*** The data Section Begins ***
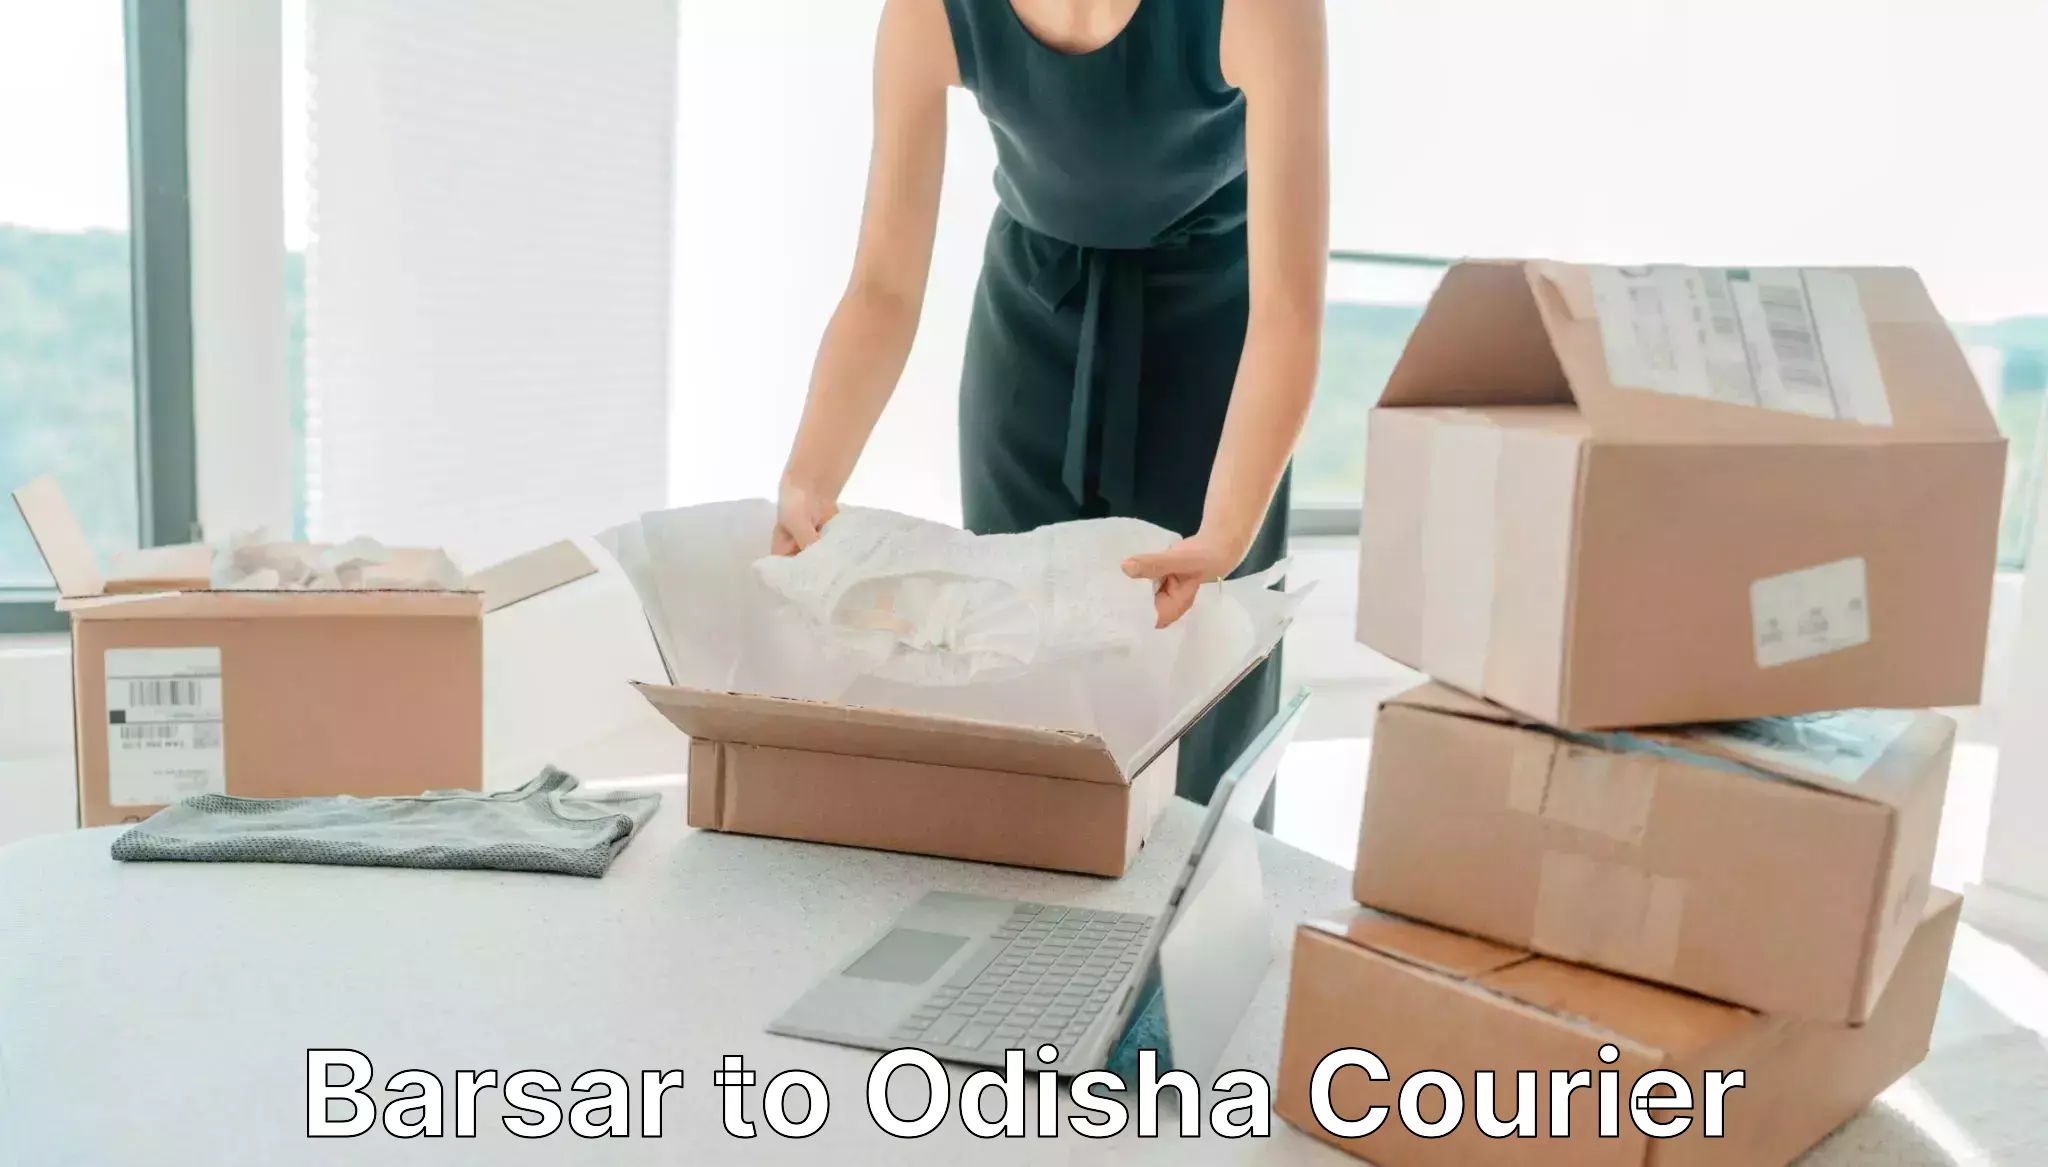 Courier service comparison in Barsar to Raruan
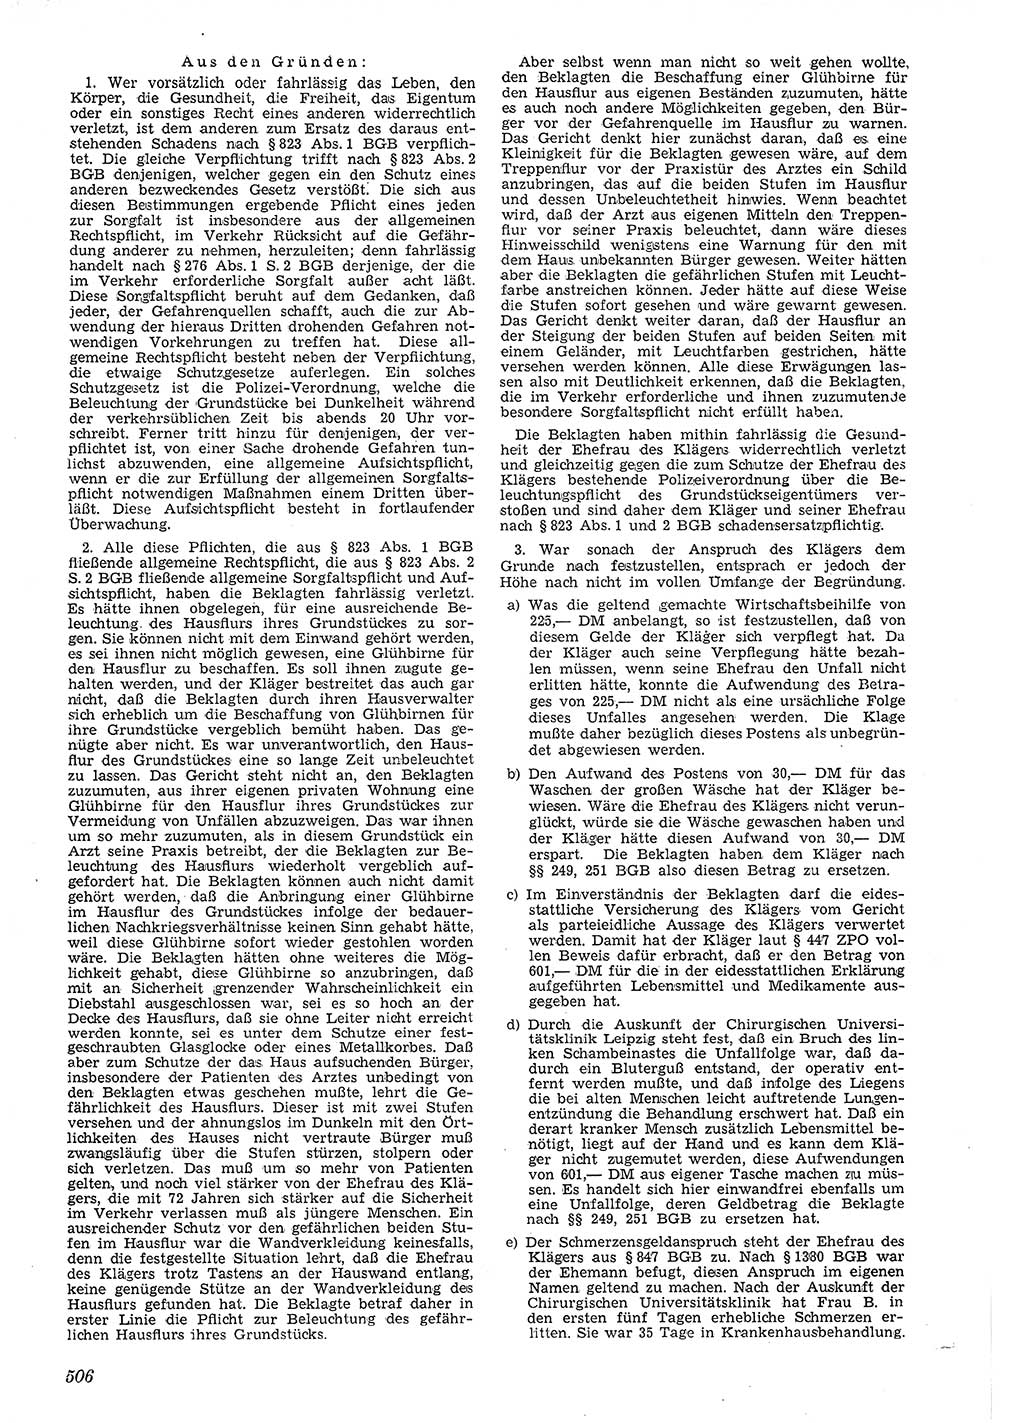 Neue Justiz (NJ), Zeitschrift für Recht und Rechtswissenschaft [Deutsche Demokratische Republik (DDR)], 4. Jahrgang 1950, Seite 506 (NJ DDR 1950, S. 506)
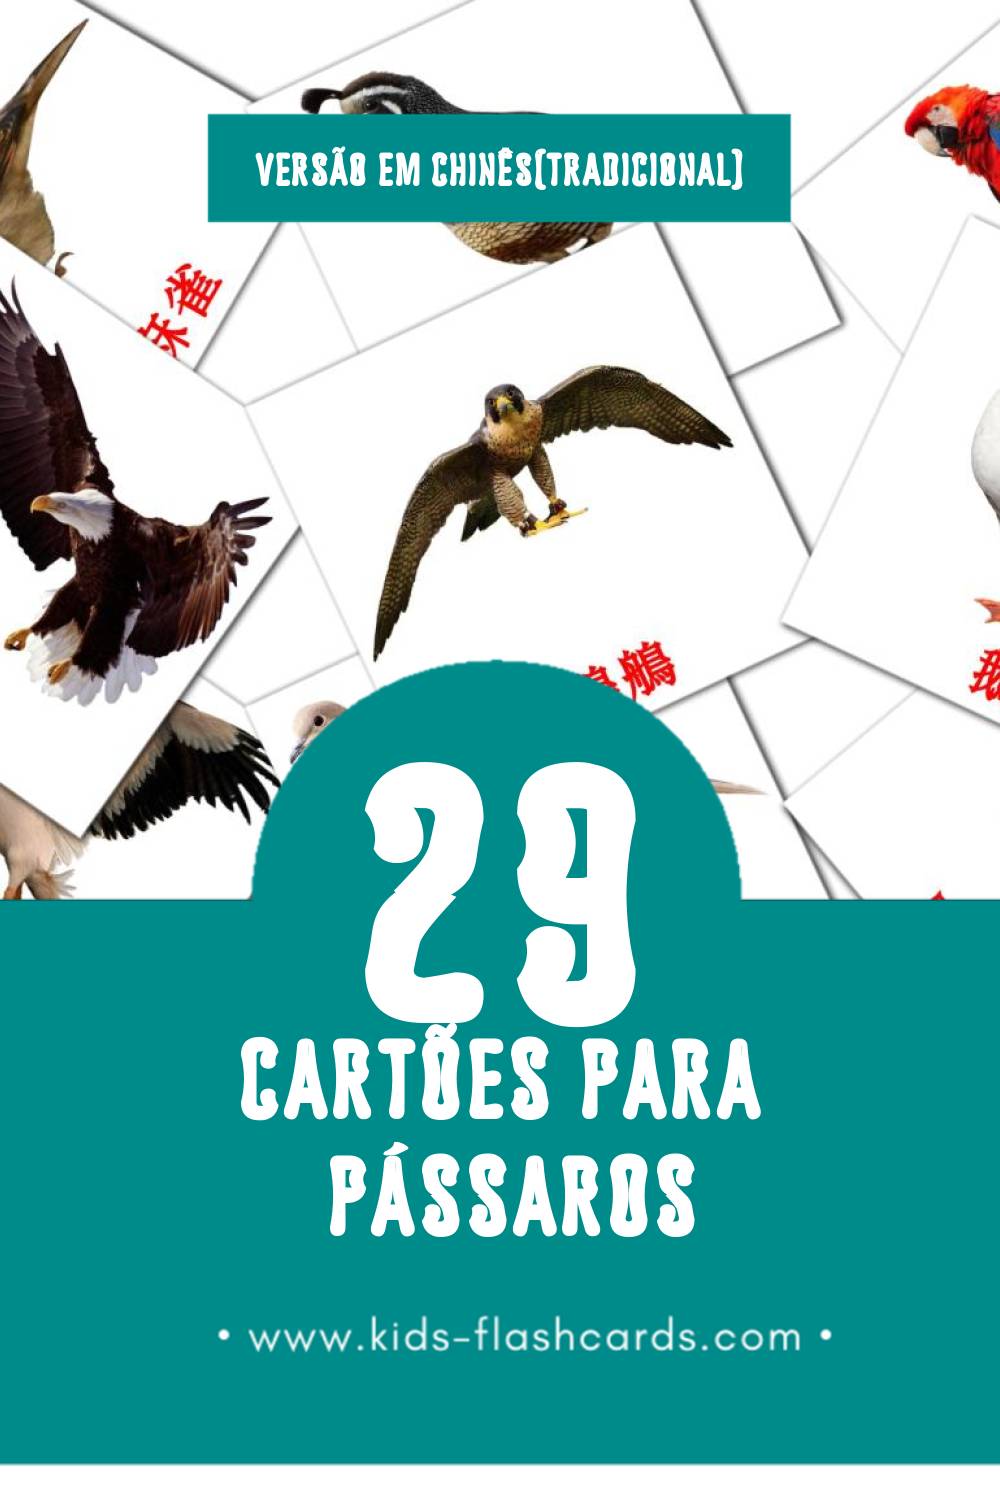 Flashcards de 鳥兒 Visuais para Toddlers (29 cartões em Chinês(tradicional))
*** The data Section Ends ***
# Task description:
Would you mind transcribing the material exactly, without the pictures?

# Task response:
 Courier service comparison in Barsar to Raruan
 Neue Justiz (NJ), Zeitschrift für Recht und Rechtswissenschaft [Deutsche Demokratische Republik (DDR)], 4. Jahrgang 1950, Seite 506 (NJ DDR 1950, S. 506)
 Flashcards de 鳥兒 Visuais para Toddlers (29 cartões em Chinês(tradicional))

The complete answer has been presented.